Its writers created thousands of stories – stories of courage, romance and magic. Its poets wrote of love, when others before them were too steeped in fear to think of such things.
When other nations were afraid of ideas, this civilization thrived on them and kept them alive. When censors threatened to wipe out knowledge from past civilizations, this civilization kept the knowledge alive and passed it on to others.
While modern Western civilization shares many of these traits, the civilization I’m talking about was the Islamic world from the year 800 to 1600, which included the Ottoman Empire and the courts of Baghdad, Damascus and Cairo, and such enlightened rulers as Suleiman the Magnificent.
Although we are often unaware of our indebtedness to this other civilization, its gifts are very much a part of our heritage. The technology industry would not exist without the contributions of Arab mathematicians. Such Sufi poet-philosophers as Rumi challenged our notions of self and truth. Such leaders as Suleiman contributed to our notions of tolerance and civic leadership.
And, perhaps, we can learn a lesson from his example: it was leadership based on meritocracy, not inheritance. It was leadership that harnessed the full capabilities of a very diverse population, which included Christian, Islamic and Jewish traditions.
This kind of enlightened leadership – leadership that nurtured culture, sustainability, diversity and courage – led to 800 years of invention and prosperity.
In dark and serious times like this, we must affirm our commitment to building societies and institutions that aspire to this kind of greatness. More than ever, we must focus on the importance of leadership – bold acts of leadership and decidedly personal acts of leadership.”

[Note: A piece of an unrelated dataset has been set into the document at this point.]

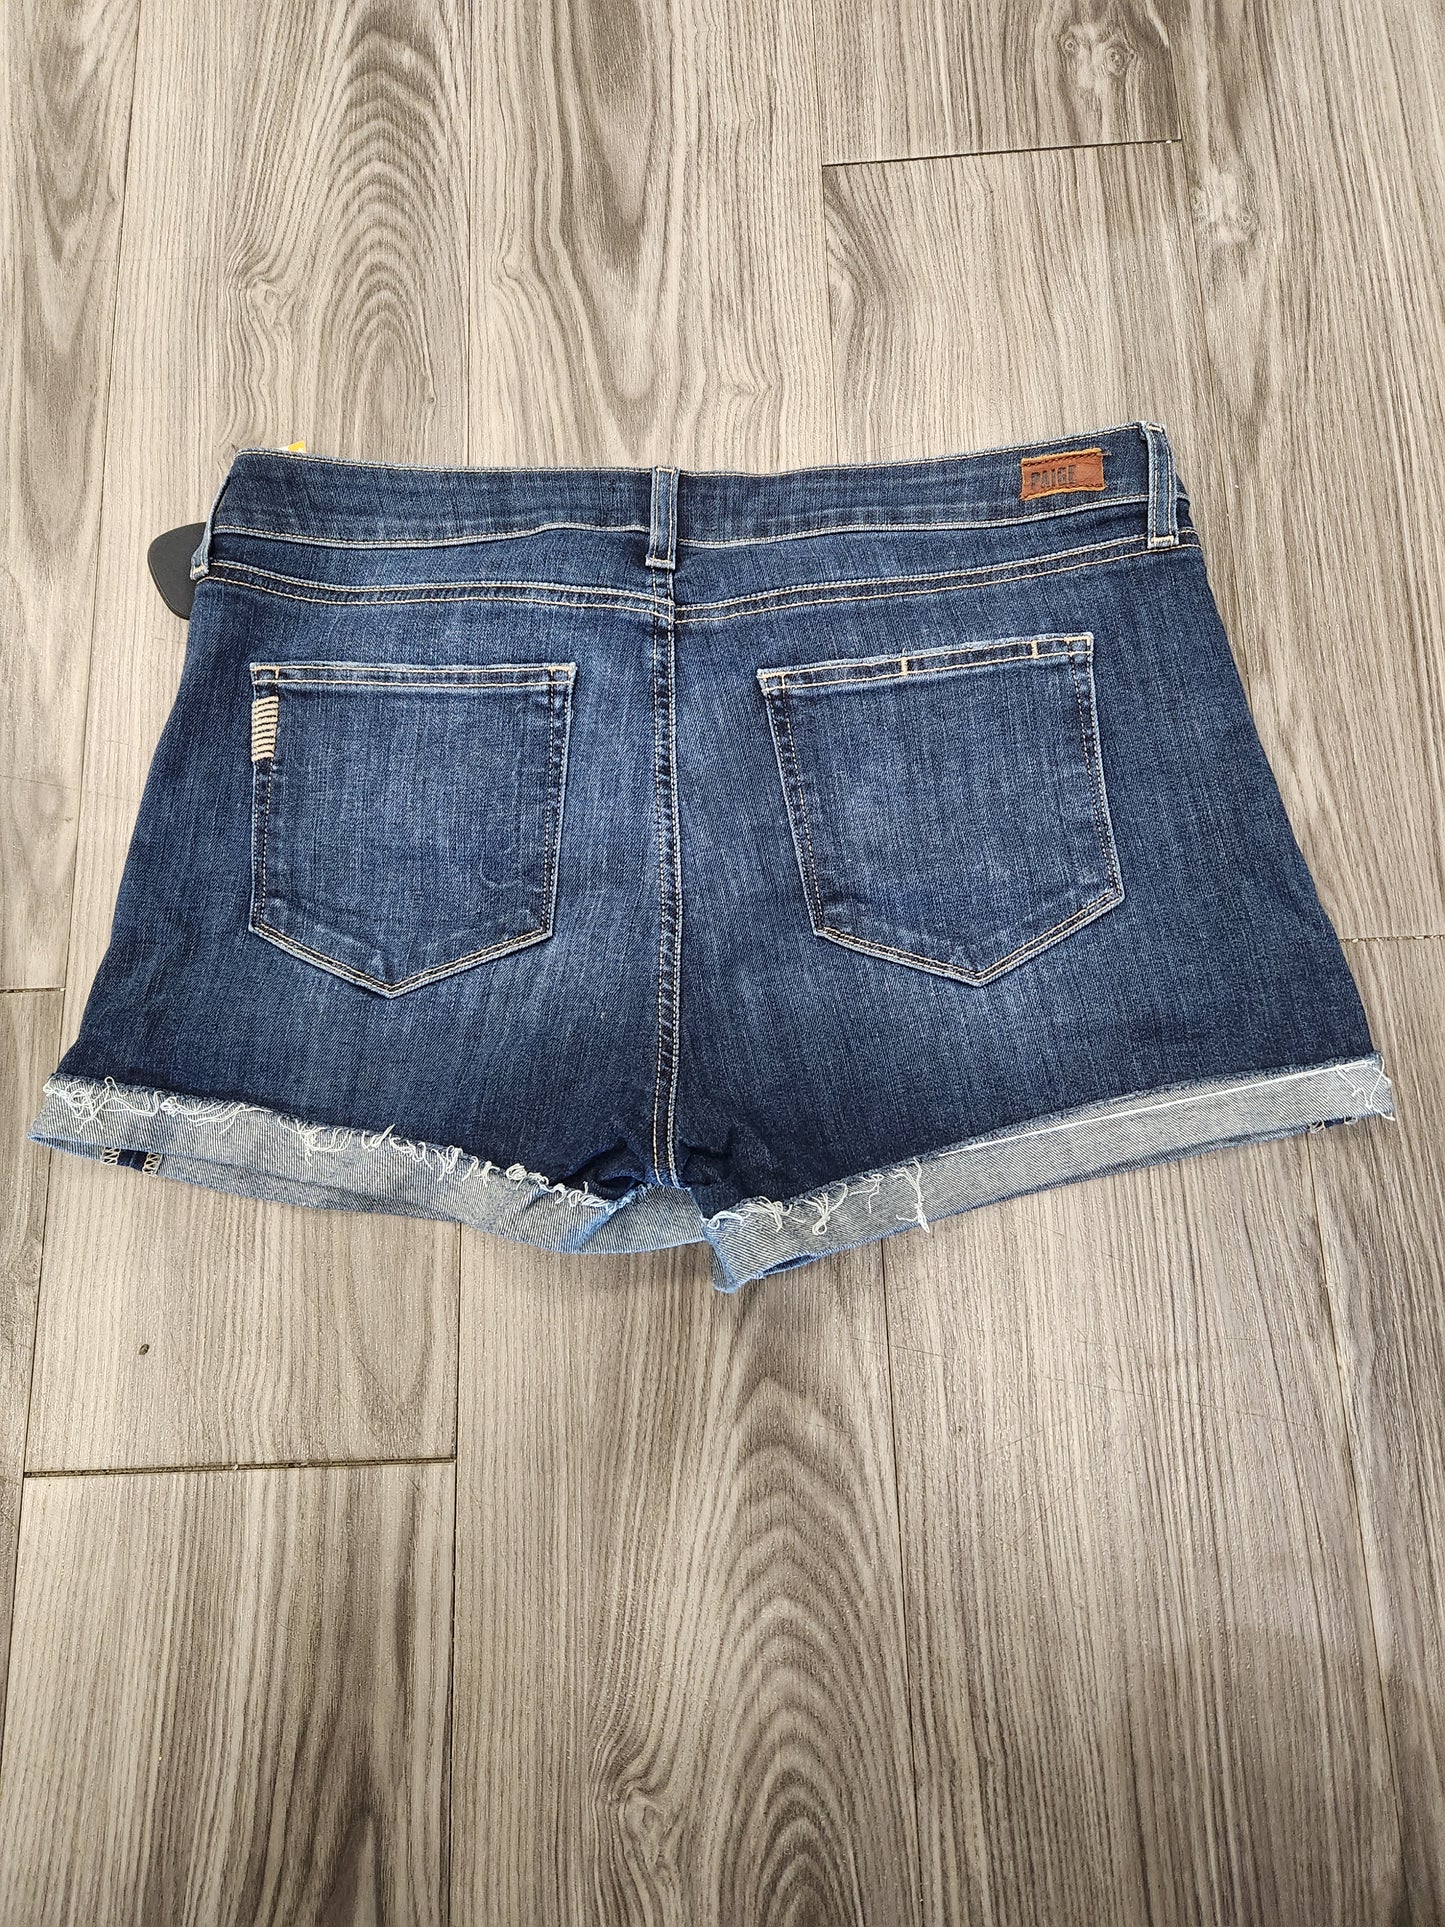 Shorts By Paige  Size: 8
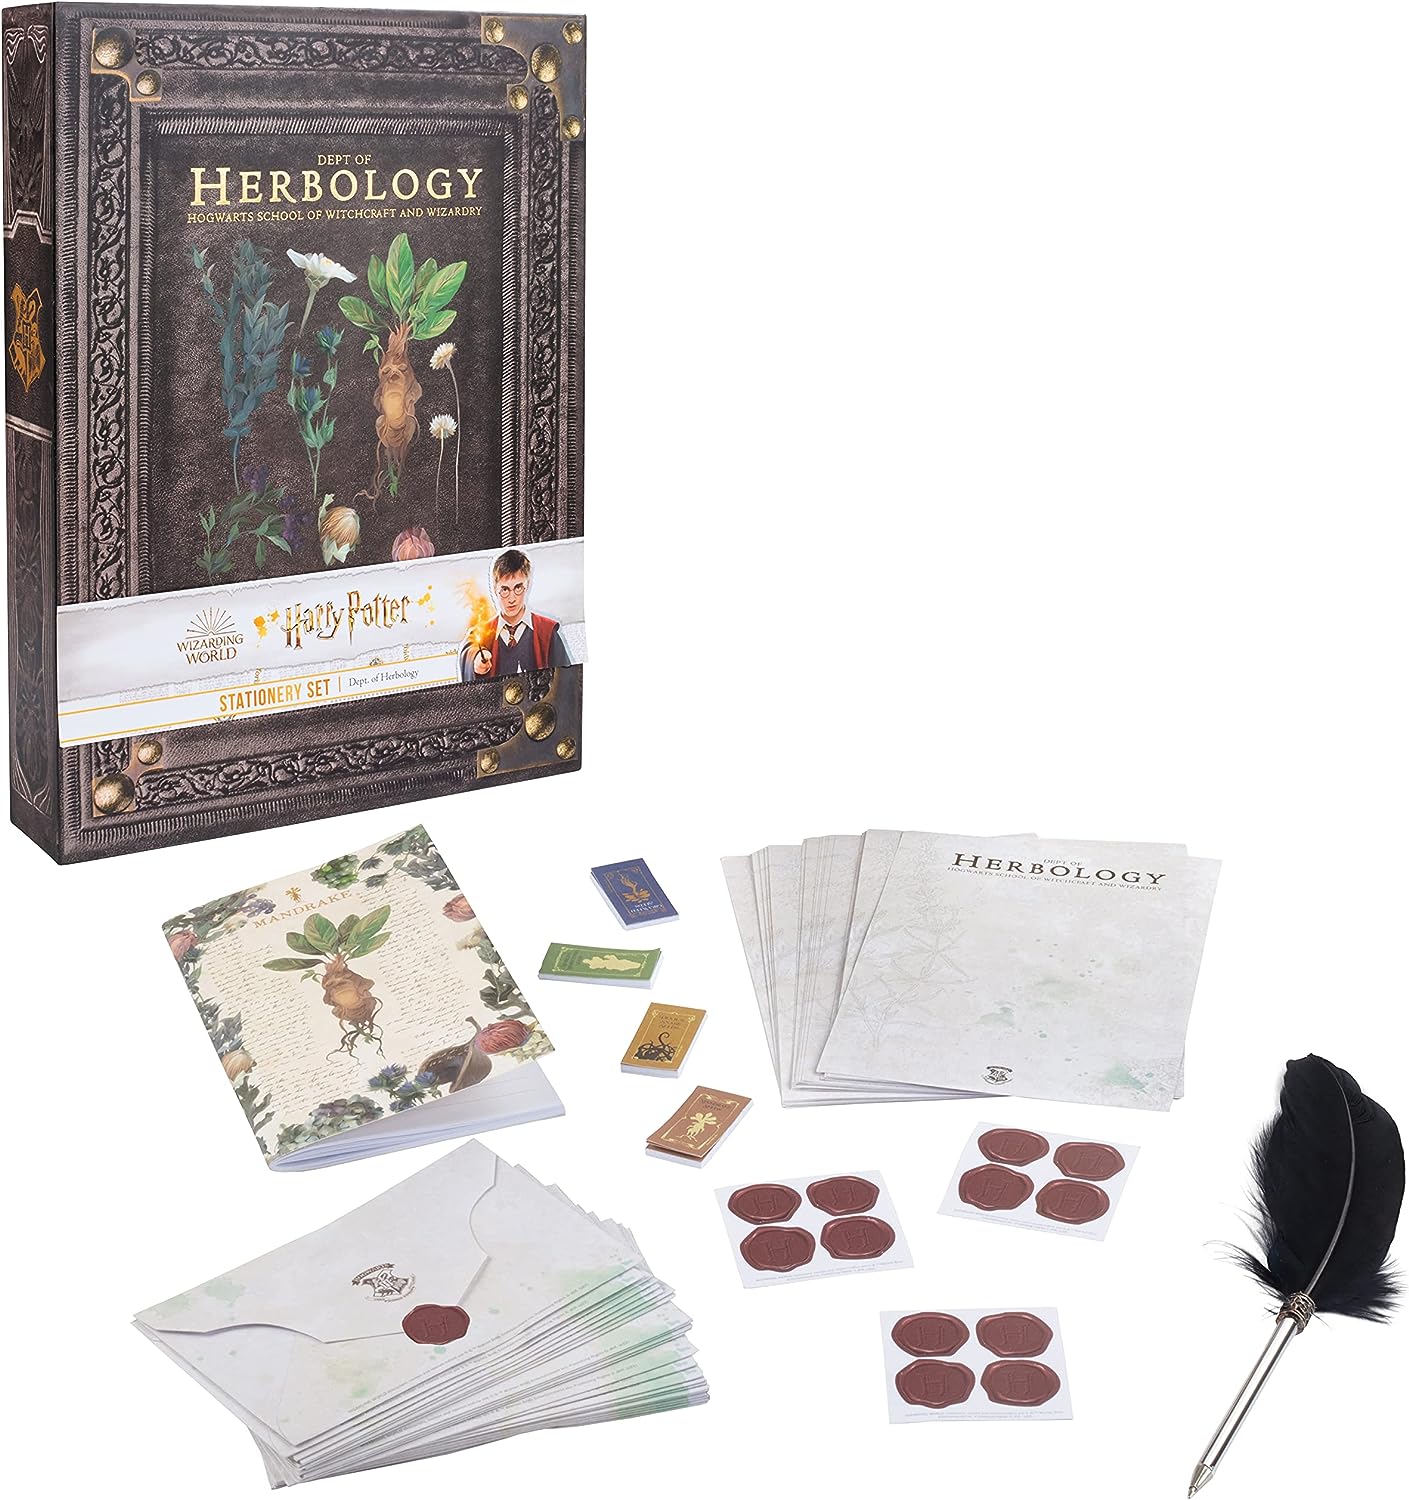 Harry Potter Herbology Stationery Set in Letter Box - Cards, Paper, Envelopes, Stickers & Quill Pen - Vintage Style Illustrations - Officially Licensed - Back to School Gift for Kids, Teens & Adults

In our schools today, our children are taught about Galileo, Newton and John Louis Stevenson. There is hardly a mention of the outstanding personalities of Muslim scientists. It is rare for our children to learn that the Muslims brought paper from China, and it is the Muslims, who developed this art form into a major industry. The impact of Muslim manufacture of paper paved the way for the printing revolution. Contrary to the popular belief, it was Ibn Al-Naphis (Ala Al-Din Abu Al-A’la Ali Ibn Abi Hazm Al-Quraishi) of Damascus, an Arab Muslim physician of the thirteenth century, who explained the basic principles of the modern theory of pulmonary circulation nearly three hundred and fifty years before Sir William Harvey of Kent, England, who is wrongly credited with this discovery. Christopher Columbus relied on Muslim charts and possibly even navigators. Magellan’s success in the Indian Ocean owes nearly all to Ibn Majid’s guidance and nautical legacy.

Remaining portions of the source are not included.